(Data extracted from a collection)
################

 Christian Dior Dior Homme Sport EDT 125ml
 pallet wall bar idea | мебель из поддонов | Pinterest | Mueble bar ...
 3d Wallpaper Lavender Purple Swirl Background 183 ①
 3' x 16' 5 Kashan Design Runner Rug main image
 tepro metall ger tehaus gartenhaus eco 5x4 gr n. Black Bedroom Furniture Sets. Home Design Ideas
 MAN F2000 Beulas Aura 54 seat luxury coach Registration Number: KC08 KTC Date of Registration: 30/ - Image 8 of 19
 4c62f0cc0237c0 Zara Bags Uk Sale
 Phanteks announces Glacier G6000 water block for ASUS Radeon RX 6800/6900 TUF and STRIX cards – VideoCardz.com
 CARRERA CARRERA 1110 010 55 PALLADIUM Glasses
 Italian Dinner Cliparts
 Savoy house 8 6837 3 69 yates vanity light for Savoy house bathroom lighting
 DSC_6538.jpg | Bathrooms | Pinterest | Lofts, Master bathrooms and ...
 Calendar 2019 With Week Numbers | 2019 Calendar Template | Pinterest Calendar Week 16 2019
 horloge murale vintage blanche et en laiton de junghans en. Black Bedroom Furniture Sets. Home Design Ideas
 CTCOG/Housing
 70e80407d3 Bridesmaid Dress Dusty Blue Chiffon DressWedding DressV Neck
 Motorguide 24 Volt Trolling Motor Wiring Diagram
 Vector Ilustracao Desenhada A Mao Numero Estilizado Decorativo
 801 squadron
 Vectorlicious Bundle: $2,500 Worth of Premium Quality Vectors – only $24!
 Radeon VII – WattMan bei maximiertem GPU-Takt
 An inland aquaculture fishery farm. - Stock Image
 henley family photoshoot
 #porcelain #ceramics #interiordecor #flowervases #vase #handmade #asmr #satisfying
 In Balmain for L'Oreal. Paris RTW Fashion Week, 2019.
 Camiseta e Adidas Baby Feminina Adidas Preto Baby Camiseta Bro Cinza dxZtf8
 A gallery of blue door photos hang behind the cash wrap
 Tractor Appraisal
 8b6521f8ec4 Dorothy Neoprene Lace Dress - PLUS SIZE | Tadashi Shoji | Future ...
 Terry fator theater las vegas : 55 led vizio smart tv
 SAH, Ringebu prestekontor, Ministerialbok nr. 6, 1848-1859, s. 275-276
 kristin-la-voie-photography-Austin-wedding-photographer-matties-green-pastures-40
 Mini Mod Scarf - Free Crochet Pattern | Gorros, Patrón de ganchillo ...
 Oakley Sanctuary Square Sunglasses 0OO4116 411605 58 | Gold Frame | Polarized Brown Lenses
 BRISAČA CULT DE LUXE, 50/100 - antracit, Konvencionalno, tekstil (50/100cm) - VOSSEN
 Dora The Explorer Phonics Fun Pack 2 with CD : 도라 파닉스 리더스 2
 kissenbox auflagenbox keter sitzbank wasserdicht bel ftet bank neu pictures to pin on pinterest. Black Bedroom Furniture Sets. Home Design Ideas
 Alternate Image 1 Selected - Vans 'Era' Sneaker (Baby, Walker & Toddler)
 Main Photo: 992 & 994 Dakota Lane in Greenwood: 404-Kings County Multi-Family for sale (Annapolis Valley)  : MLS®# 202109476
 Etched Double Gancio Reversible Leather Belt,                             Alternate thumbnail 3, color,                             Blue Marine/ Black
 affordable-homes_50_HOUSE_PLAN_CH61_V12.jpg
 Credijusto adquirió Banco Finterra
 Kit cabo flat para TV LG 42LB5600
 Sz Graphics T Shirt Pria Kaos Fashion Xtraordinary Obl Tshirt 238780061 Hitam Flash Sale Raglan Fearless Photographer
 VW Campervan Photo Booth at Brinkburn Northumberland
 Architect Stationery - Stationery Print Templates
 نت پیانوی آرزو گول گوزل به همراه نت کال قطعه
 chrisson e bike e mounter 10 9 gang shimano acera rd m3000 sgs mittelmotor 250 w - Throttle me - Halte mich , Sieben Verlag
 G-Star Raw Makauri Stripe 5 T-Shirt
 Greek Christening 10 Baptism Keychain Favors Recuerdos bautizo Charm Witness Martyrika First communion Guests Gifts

################

Work required:
All that belongs in the answer is the run of lines above from the line containing "In Balmain for" through the line containing "8b6521f8ec4 Dorothy Neoprene", exactly as written.

Response to the task:
 In Balmain for L'Oreal. Paris RTW Fashion Week, 2019.
 Camiseta e Adidas Baby Feminina Adidas Preto Baby Camiseta Bro Cinza dxZtf8
 A gallery of blue door photos hang behind the cash wrap
 Tractor Appraisal
 8b6521f8ec4 Dorothy Neoprene Lace Dress - PLUS SIZE | Tadashi Shoji | Future ...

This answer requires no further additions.